En el kernel de Linux, se resolvió la siguiente vulnerabilidad: ALSA: usb-audio: corrige lecturas fuera de los límites al encontrar fuentes de reloj. El código actual del controlador de audio USB no verifica la bLongitud de cada descriptor al atravesar los descriptores de reloj. Es decir, cuando un dispositivo proporciona un descriptor falso con una longitud b más corta, el controlador podría alcanzar lecturas fuera de los límites. Para solucionarlo, este parche agrega controles de cordura a las funciones de validación para el recorrido del descriptor de reloj. Cuando la longitud del descriptor es más corta de lo esperado, se omite en el bucle. Para los descriptores de fuente de reloj y multiplicador de reloj, podemos comparar bLength con el sizeof() de cada tipo de descriptor. OTOH, el descriptor del selector de reloj de UAC2 y UAC3 tiene una matriz de elementos bNrInPins y dos campos más en su cola, por lo que deben verificarse además de la verificación sizeof().

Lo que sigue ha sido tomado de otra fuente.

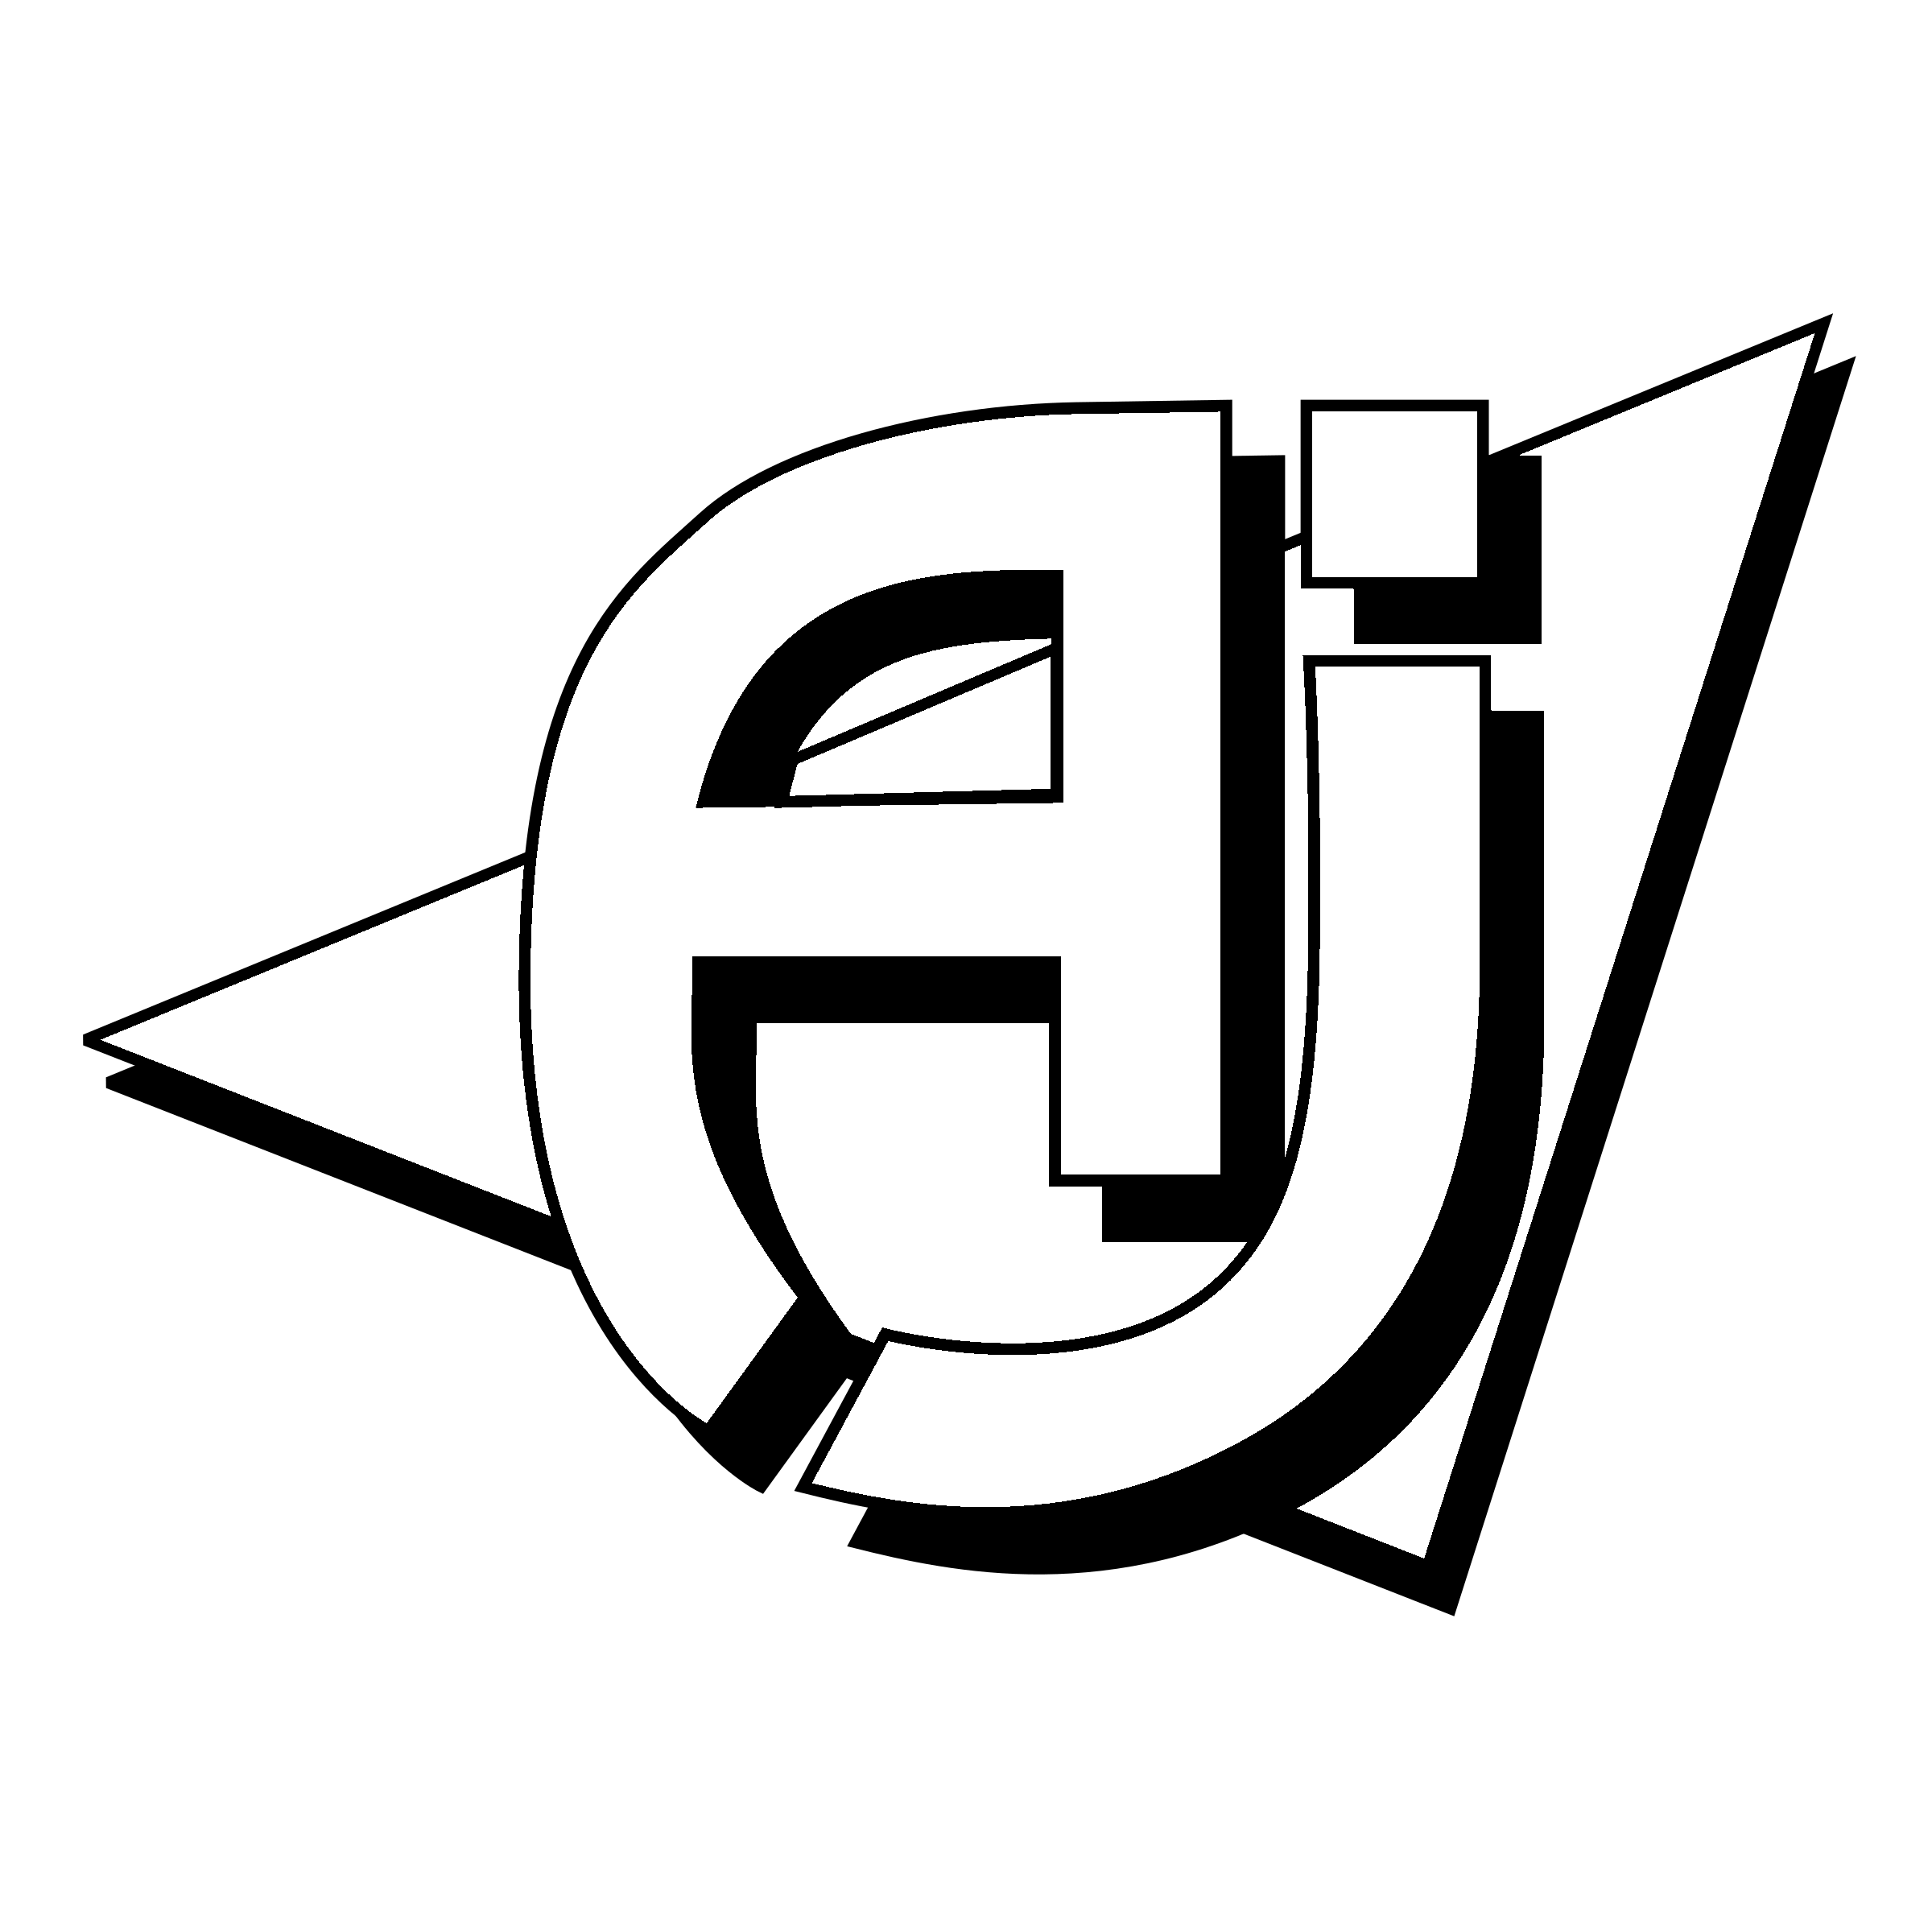 AJ Logo - AJ 01 Logo PNG Transparent & SVG Vector - Freebie Supply

En el kernel de Linux, se ha resuelto la siguiente vulnerabilidad: exfat: corrige el acceso fuera de los límites de las entradas del directorio. En el caso de que el tamaño del directorio sea mayor o igual al tamaño del clúster, si start_clu se convierte en un clúster EOF (un clúster no válido cluster) debido a una corrupción del sistema de archivos, entonces la entrada del directorio donde ei->hint_femp.eidx sugerencia está fuera del directorio, lo que resulta en un acceso fuera de los límites, lo que puede causar una mayor corrupción del sistema de archivos. Este commit agrega una verificación de start_clu; si es un clúster no válido, el archivo o directorio se tratará como vacío.

En el kernel de Linux, se resolvió la siguiente vulnerabilidad: um: corrige el posible desbordamiento de enteros durante la configuración de physmem. Este problema ocurre cuando el tamaño real del mapa es mayor que LONG_MAX, lo que se puede activar fácilmente en UML/i386.

En el kernel de Linux, se ha resuelto la siguiente vulnerabilidad: NFSD: evita un posible desbordamiento de enteros. Si la longitud de la etiqueta es >= U32_MAX - 3, entonces la suma "longitud + 4" puede provocar un desbordamiento de enteros. Solucione este problema dividiendo la decodificación en varios pasos para que decode_cb_compound4res() no tenga que realizar aritmética en el valor de longitud no seguro.